The teacher’s teacher
For 39 years, from 1962 until 2001, Graves was a full-time tenured professor, and he has only recently and moderately lessened his academic responsibilities. In his time at Princeton, he taught architecture design studios, supervised independent study programs, been a thesis advisor, conducted lectures and seminars for students and the public, served on juries, organized exhibitions, conducted research, and been published in scholarly journals. He’s brought in a diverse array of guest architecture professors to teach, from Leon Krier to Peter Eisenman, FAIA, and has been a visiting architecture professor at many other schools himself. Graves has developed a reputation as an architect that is fully integrated in the life of the academy, not a parachuting “starchitect” that stops off at campus for a lecture in between meetings with clients.

“Michael’s commitment to remain in Princeton and locate his professional activities there stands in sharp contrast to other major architects who are often only transient visitors to education programs,” wrote University of Cincinnati architecture professor Jay Chatterjee, Assoc. AIA, in an AIA awards letter of recommendation.

Perhaps the most important measure of Graves’ influence and success has been the number of his students that have gone on to become architectural educators and deans themselves. “Every time I tell someone that I went to Princeton, their reaction is to ask me about by experience with Michael,” wrote Sarah Whiting, an architecture professor at Princeton, in an AIA awards recommendation letter.

For an architect that is largely associated with a single design style within Modernism, Graves has a proud history of helping students explore a wide range of aesthetic orientations. Alan Balfour, Assoc. AIA, dean of the architecture program at Georgia Tech and recipient of the 2000 Topaz Medallion, wrote in an AIA awards recommendation letter that Graves “encouraged us to be as original as he, but in our own way.”

“He has not taught me a method as much as a mindset: that architecture matters, that architecture literally constructs culture,” wrote Whiting in her AIA awards letter of recommendation.

Graves is also the honorary chair for the American Institute of Architecture Students’ Freedom by Design community service initiative. The goal of this initiative is to improve the life safety, dignity, and comfort of low-income individuals with physical disabilities—an intensely personal priority for Graves since 2003, when he became paralyzed from the waist down as a result of an infection.

Portfolio and honors
Since establishing his architecture firm more than 40 years ago, Graves has expanded his practice into a full range of design disciplines contained within two separate firms. The Michael Graves Design Group specializes in product and graphic design, and has designed 1,800 consumer products (housewares, furniture, utensils) to retailers like Target, Dansk, Disney, and Alessi. Michael Graves and Associates specializes in interior design, planning, and architecture.

Graves began garnering serious attention in the architectural community with his 1978 design for the unbuilt Fargo-Moorhead Cultural Center Bridge, which joined North Dakota and Minnesota with a bridge over the Red River that contains an art museum and is bookended by an interpretive center for the region’s cultural heritage on one side and a concert hall and public radio and television station on the other.
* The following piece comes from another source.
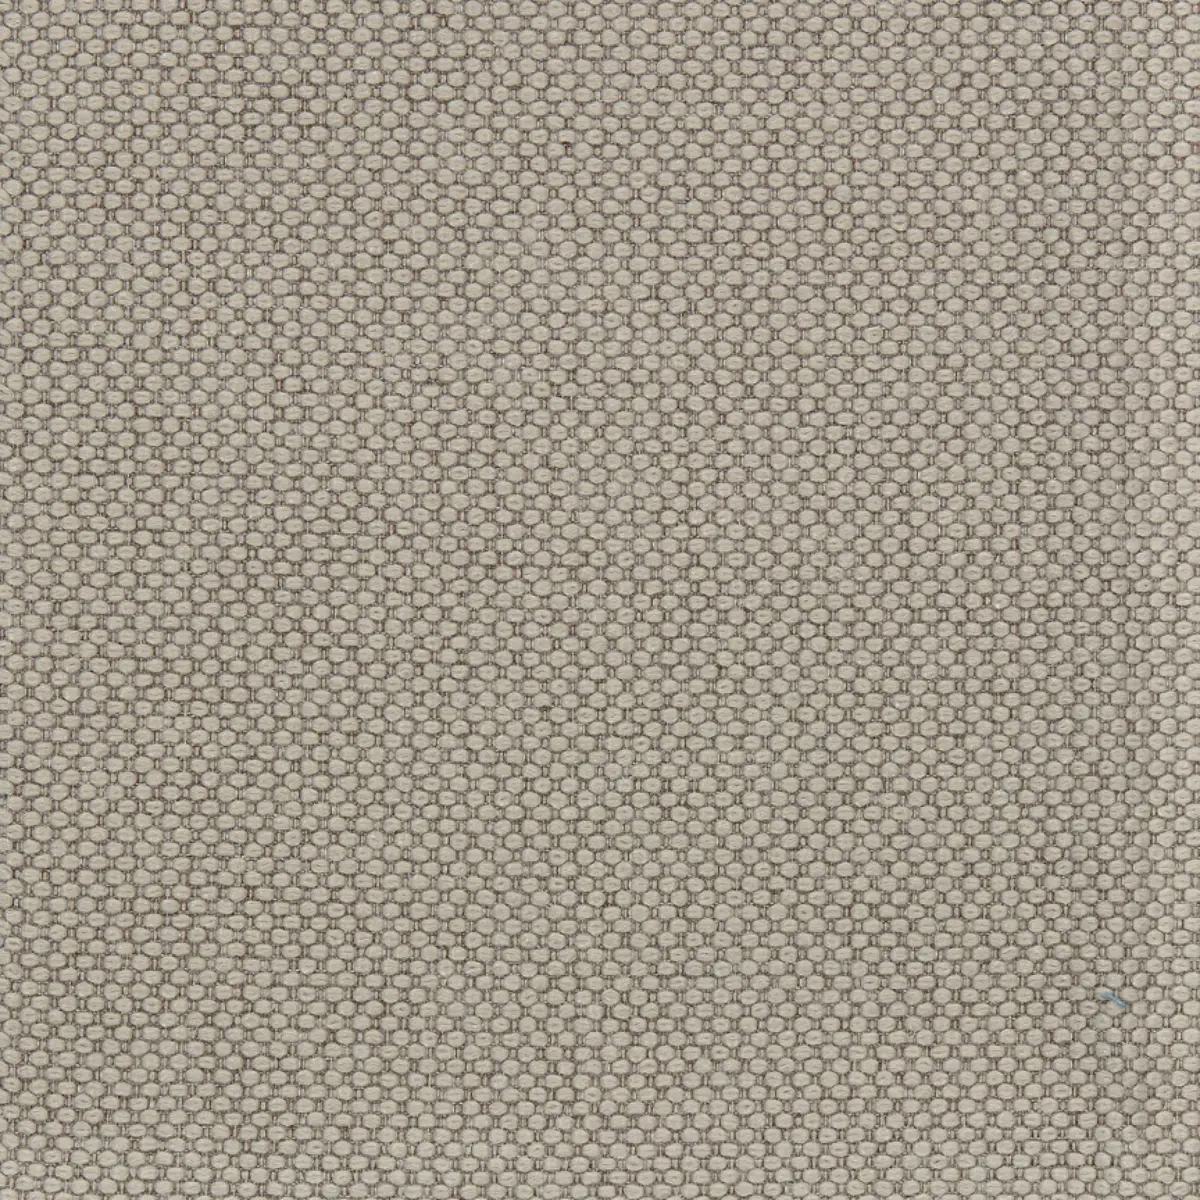 Fabric sample Merit 0028 brown

Other major projects Graves has designed are the Humana Building in Louisville, the Portland Municipal Services Building in Oregon, the Federal Reserve Bank of Dallas—Houston Branch, the Indianapolis Art Center, an addition to the Minneapolis Institute of Arts, and the Engineering Research Center at the University of Cincinnati.

Graves was the 2001 recipient of the AIA Gold Medal, and has won 12 national AIA Honor awards. Over 65 AIA New Jersey awards have been collected by Graves’ firm. The New Jersey state component also established the Michael Graves Lifetime Achievement Award in his honor.